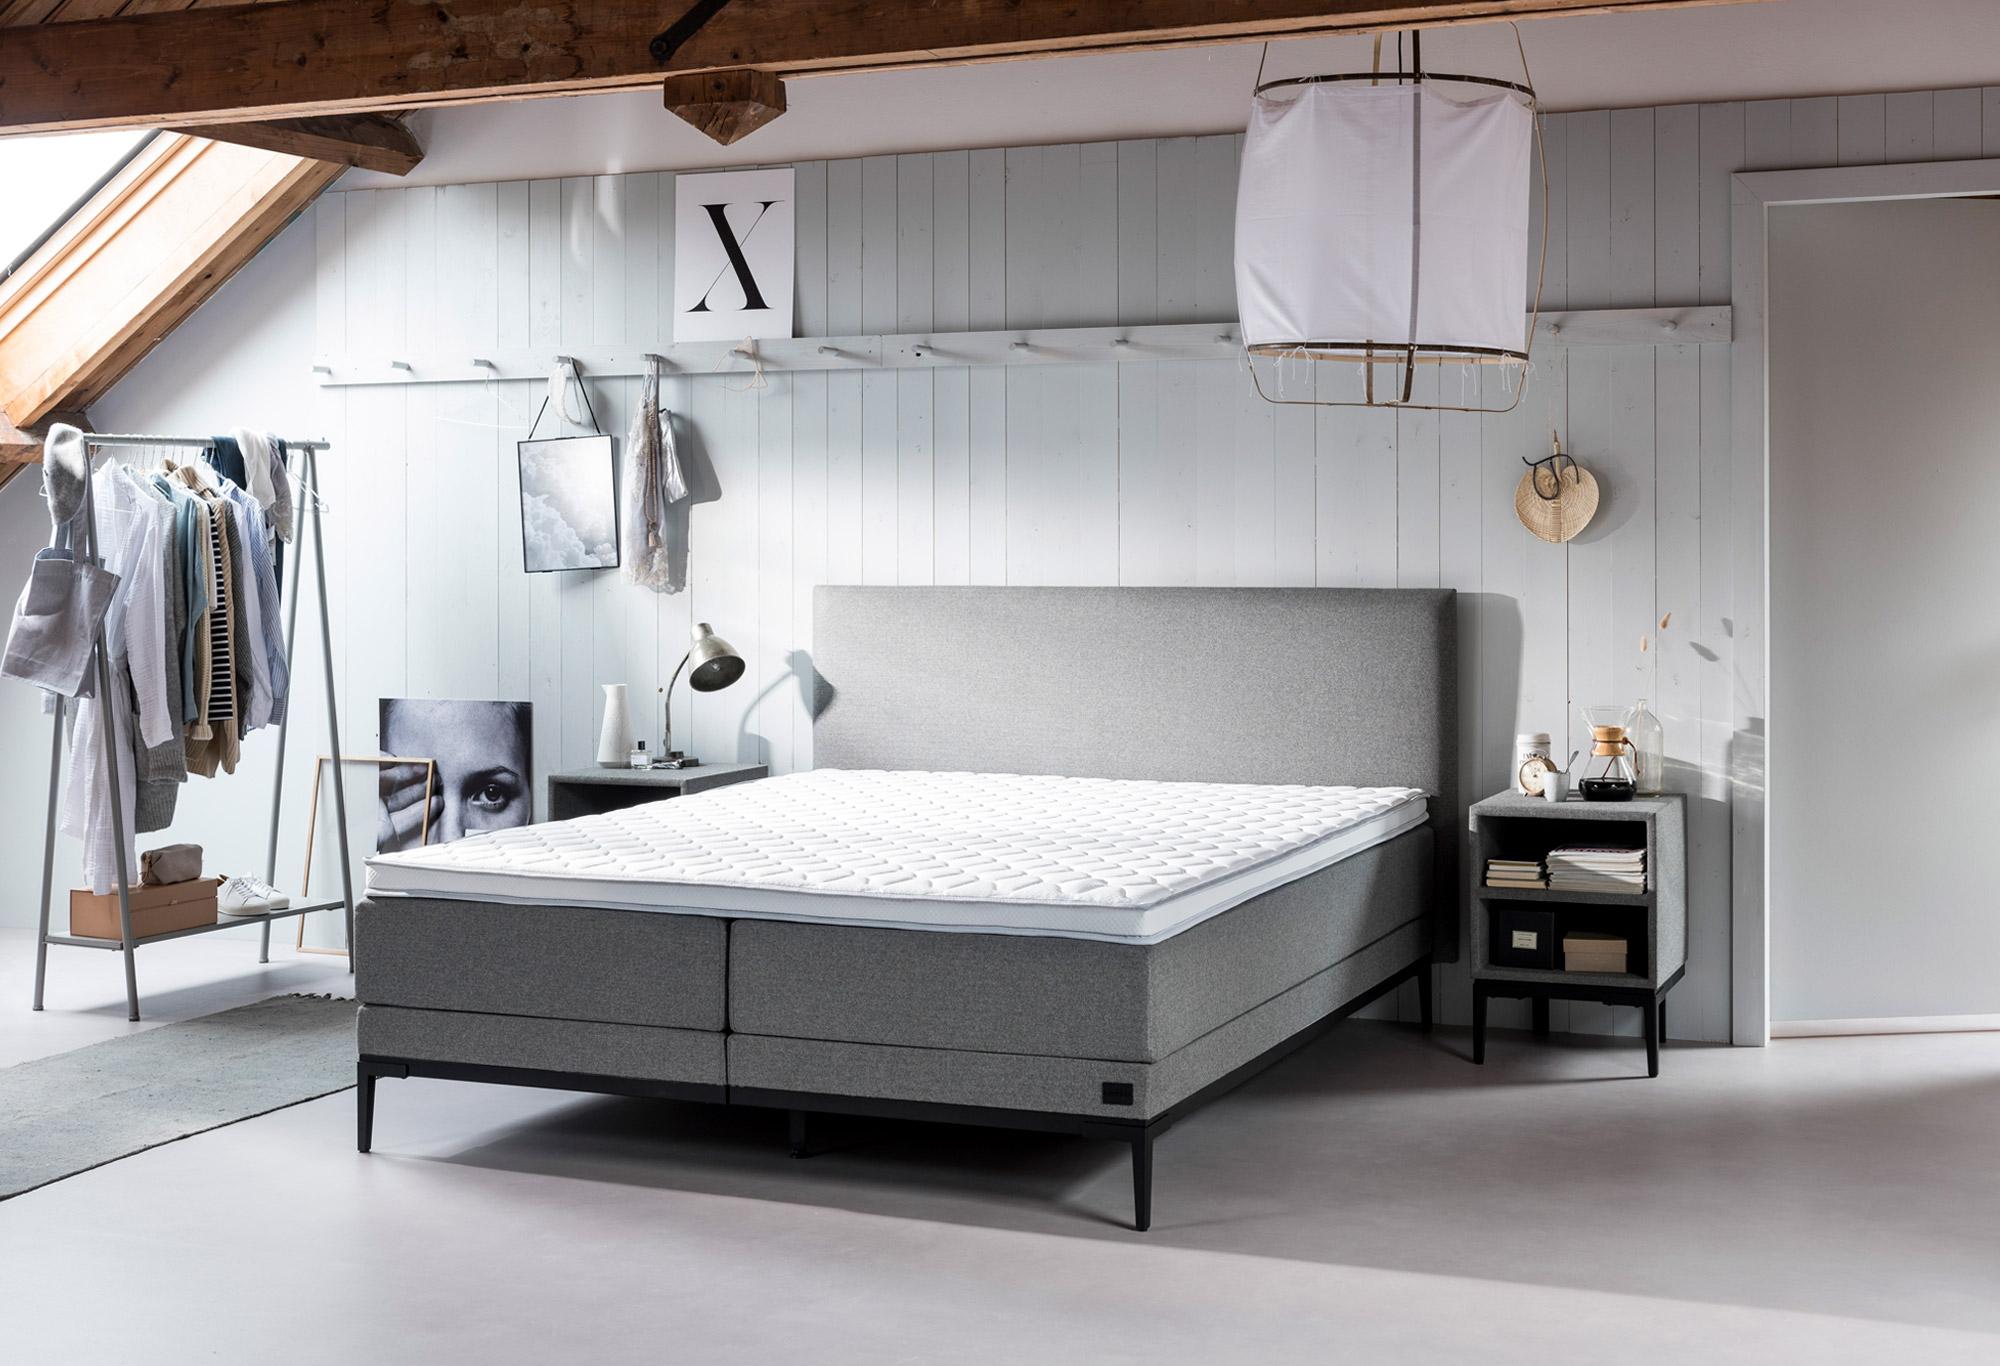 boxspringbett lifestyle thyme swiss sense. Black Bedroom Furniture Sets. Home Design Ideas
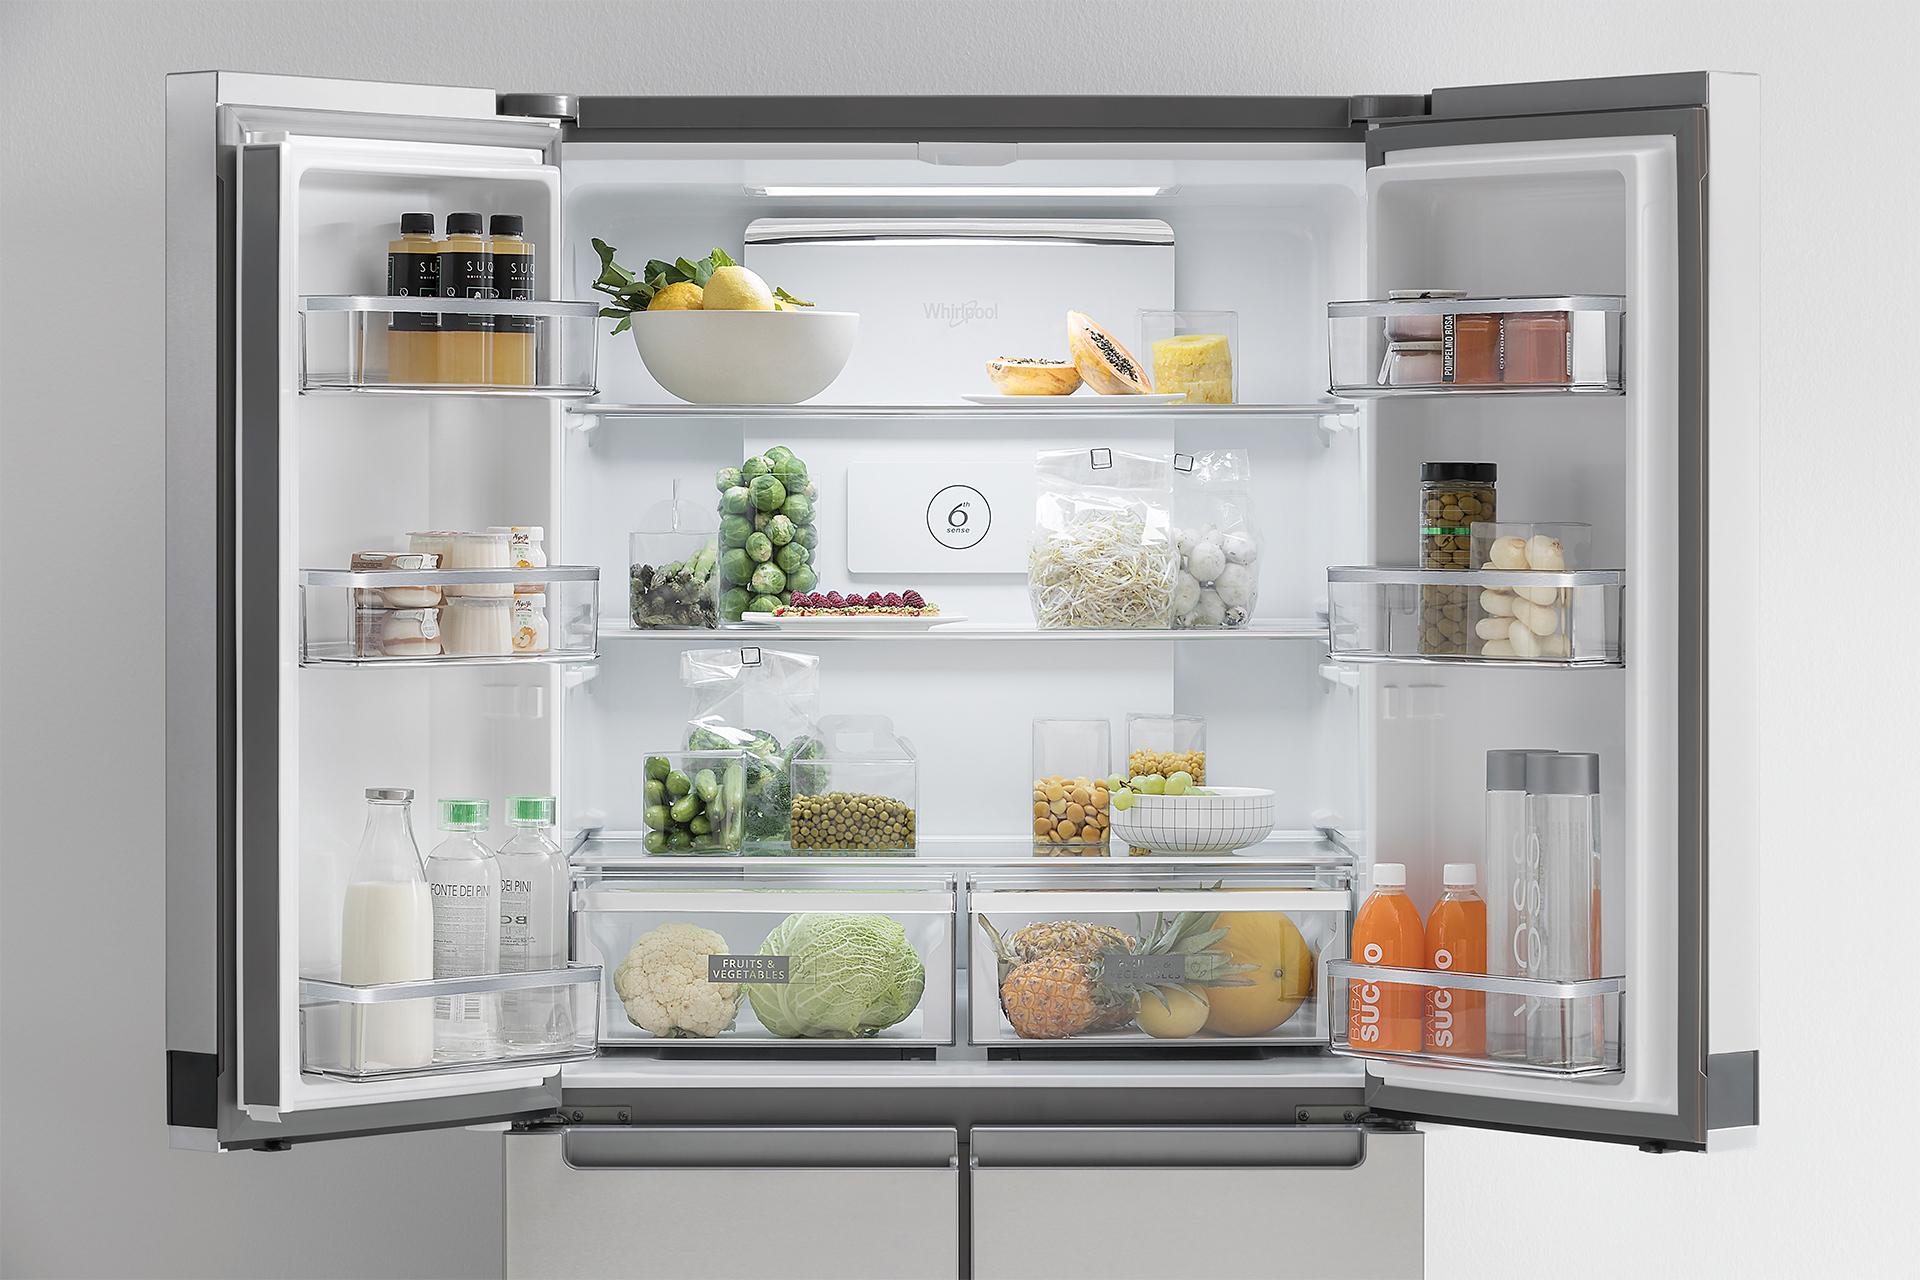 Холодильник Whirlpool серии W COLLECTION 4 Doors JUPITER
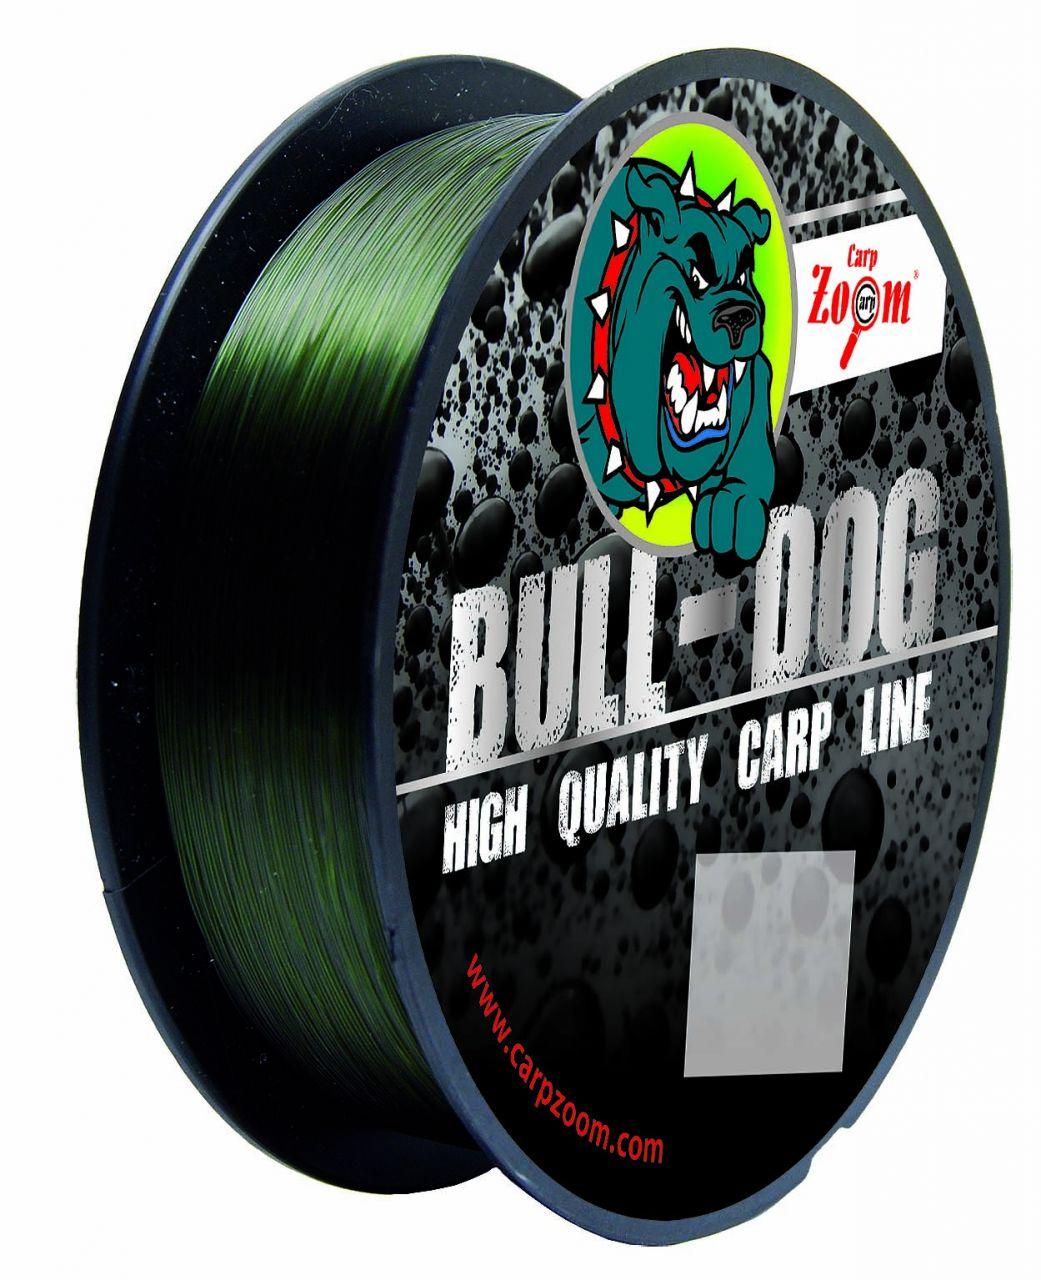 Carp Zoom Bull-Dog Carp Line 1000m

**What this task involves**
All of the listing is to be written out exactly, with the pictures left out.

**Answer box**
 boxspringbett lifestyle thyme swiss sense. Black Bedroom Furniture Sets. Home Design Ideas
 Холодильник Whirlpool серии W COLLECTION 4 Doors JUPITER
 Carp Zoom Bull-Dog Carp Line 1000m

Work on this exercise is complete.